DATA SHOWN:
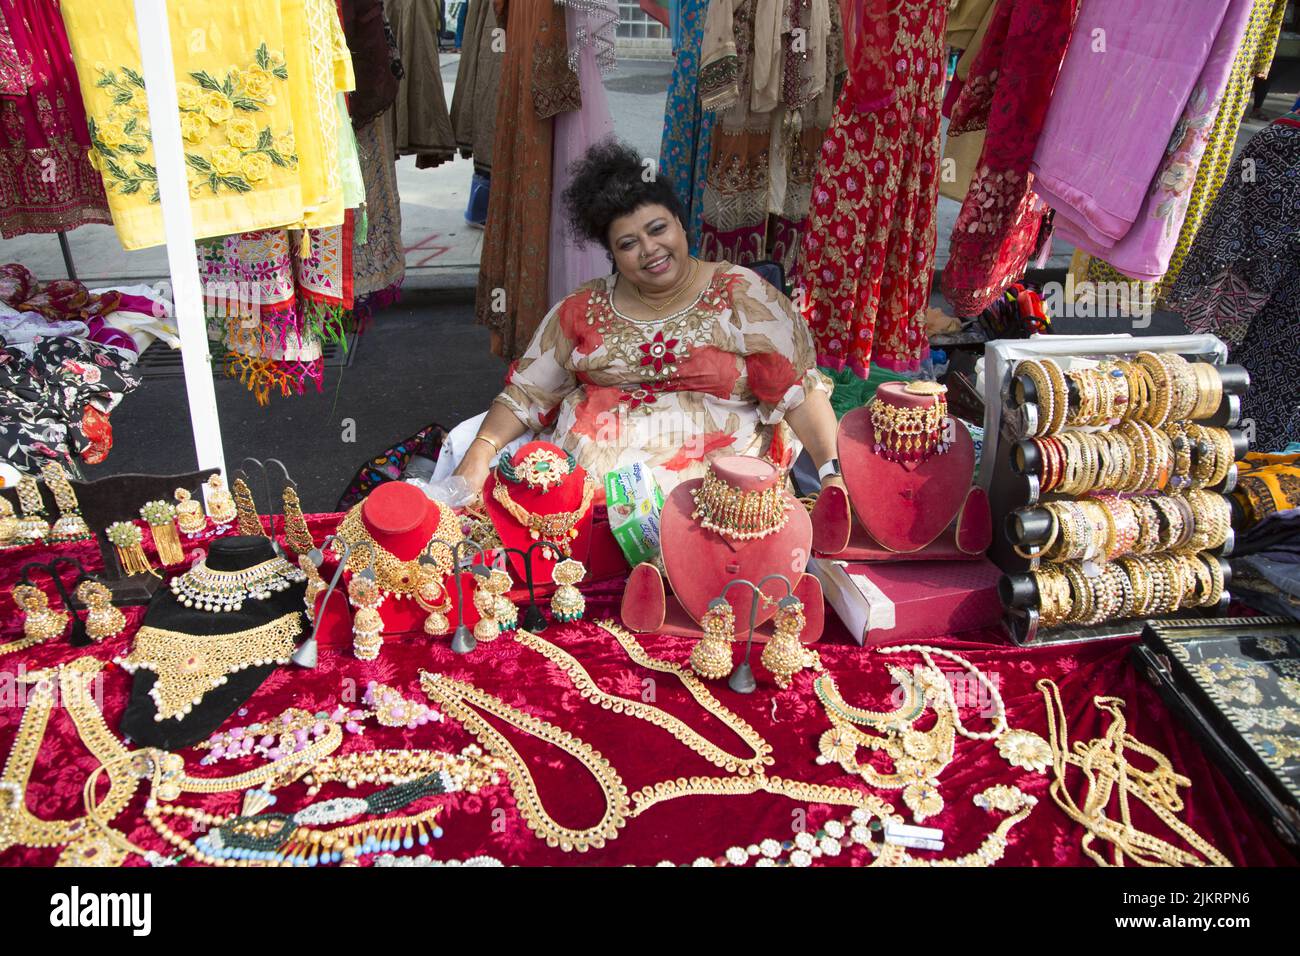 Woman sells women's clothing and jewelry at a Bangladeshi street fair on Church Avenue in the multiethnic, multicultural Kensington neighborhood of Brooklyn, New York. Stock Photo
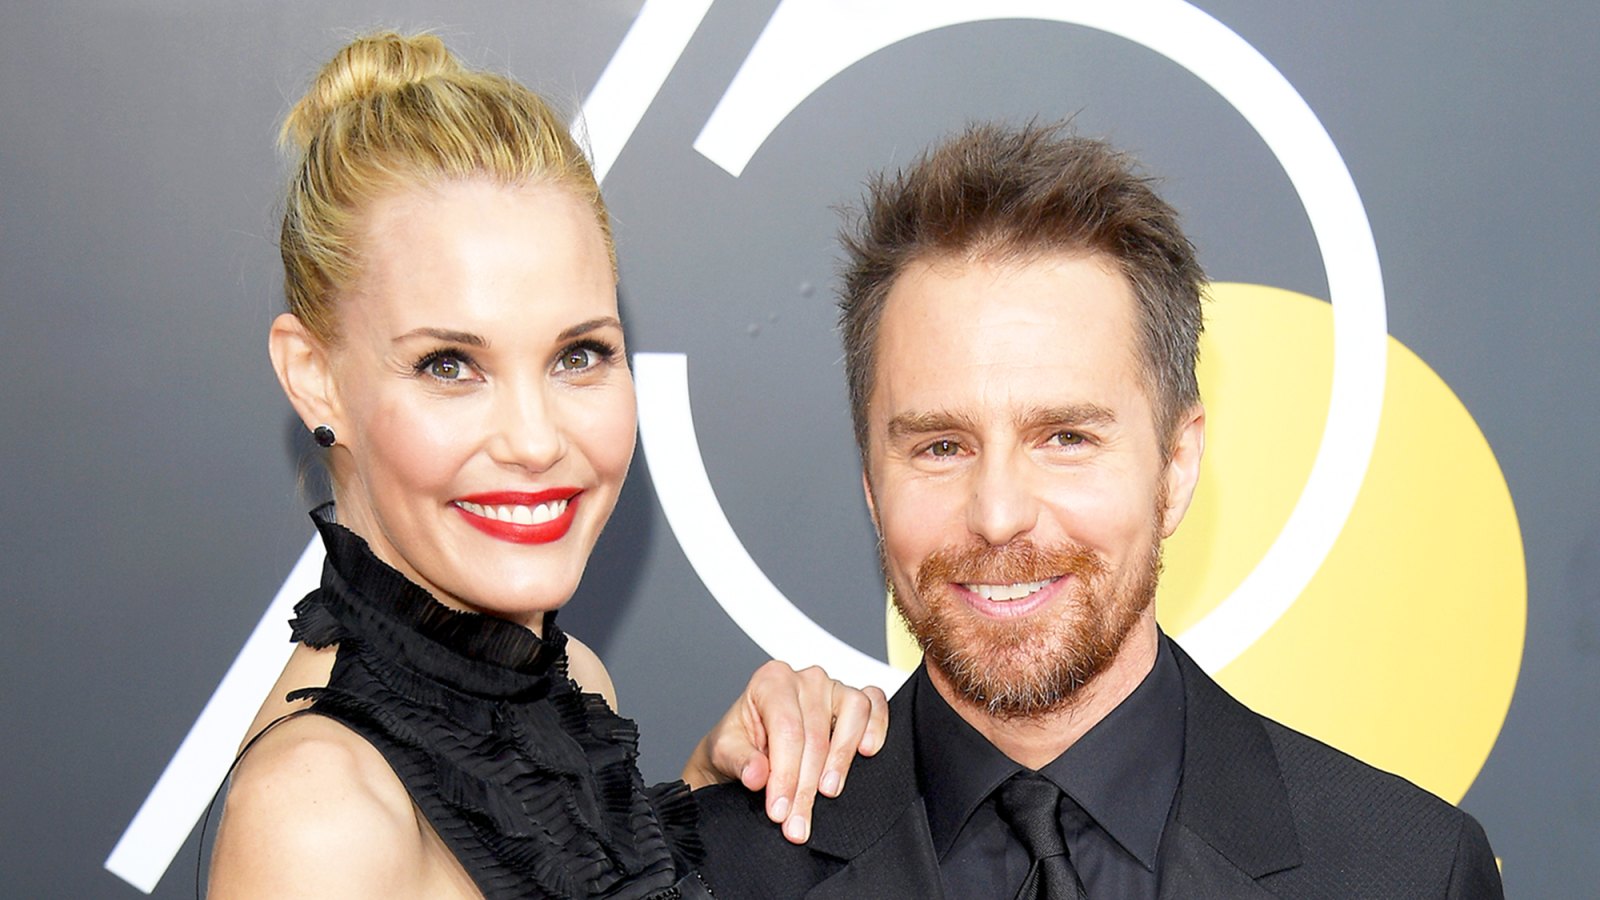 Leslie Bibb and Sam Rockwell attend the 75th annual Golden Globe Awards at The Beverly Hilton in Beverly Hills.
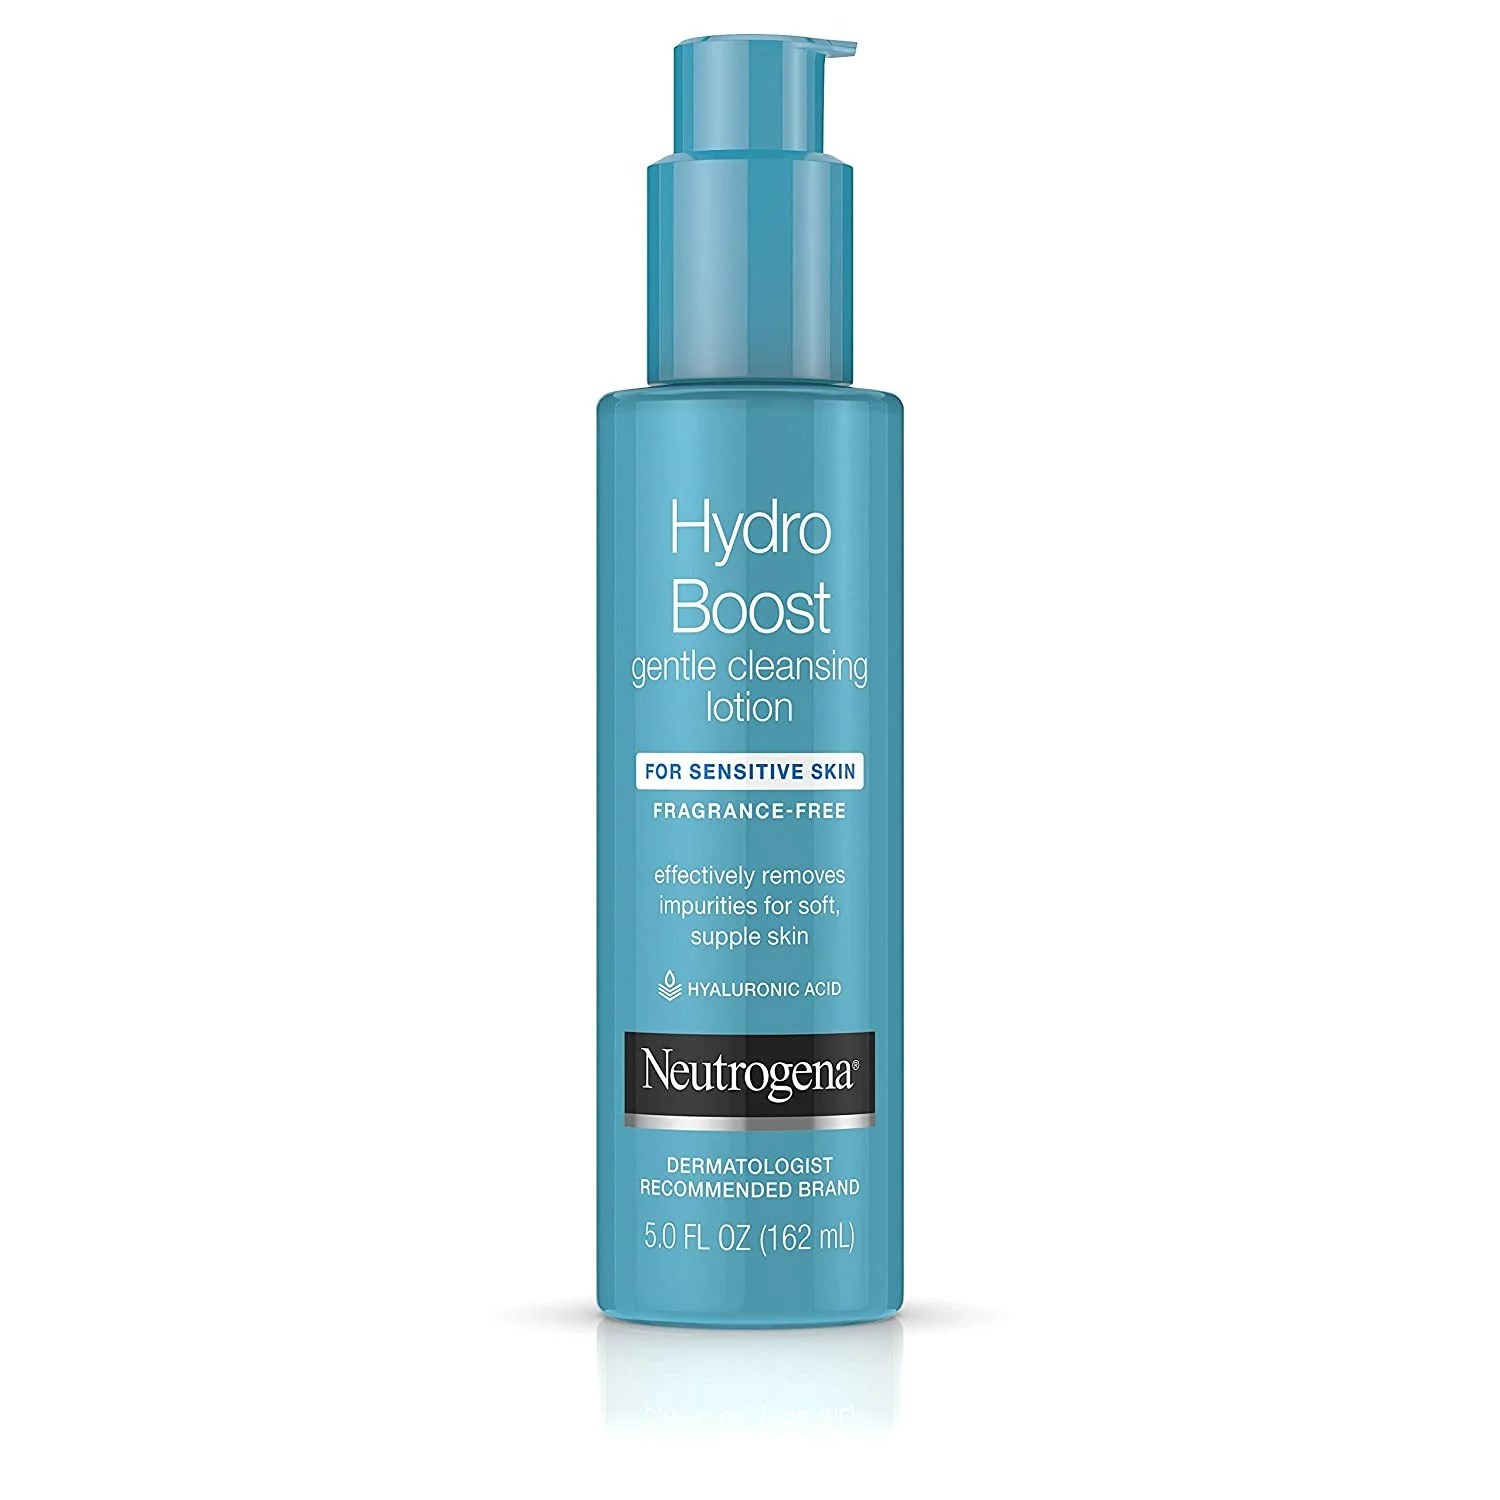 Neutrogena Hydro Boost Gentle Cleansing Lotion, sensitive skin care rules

TASK GOAL: Transcribe the lines above exactly, setting aside any picture among them.

ANSWER TO THE EXERCISE:
 Woman sells women's clothing and jewelry at a Bangladeshi street fair on Church Avenue in the multiethnic, multicultural Kensington neighborhood of Brooklyn, New York. Stock Photo
 Leslie Bibb and Sam Rockwell attend the 75th annual Golden Globe Awards at The Beverly Hilton in Beverly Hills.
 Neutrogena Hydro Boost Gentle Cleansing Lotion, sensitive skin care rules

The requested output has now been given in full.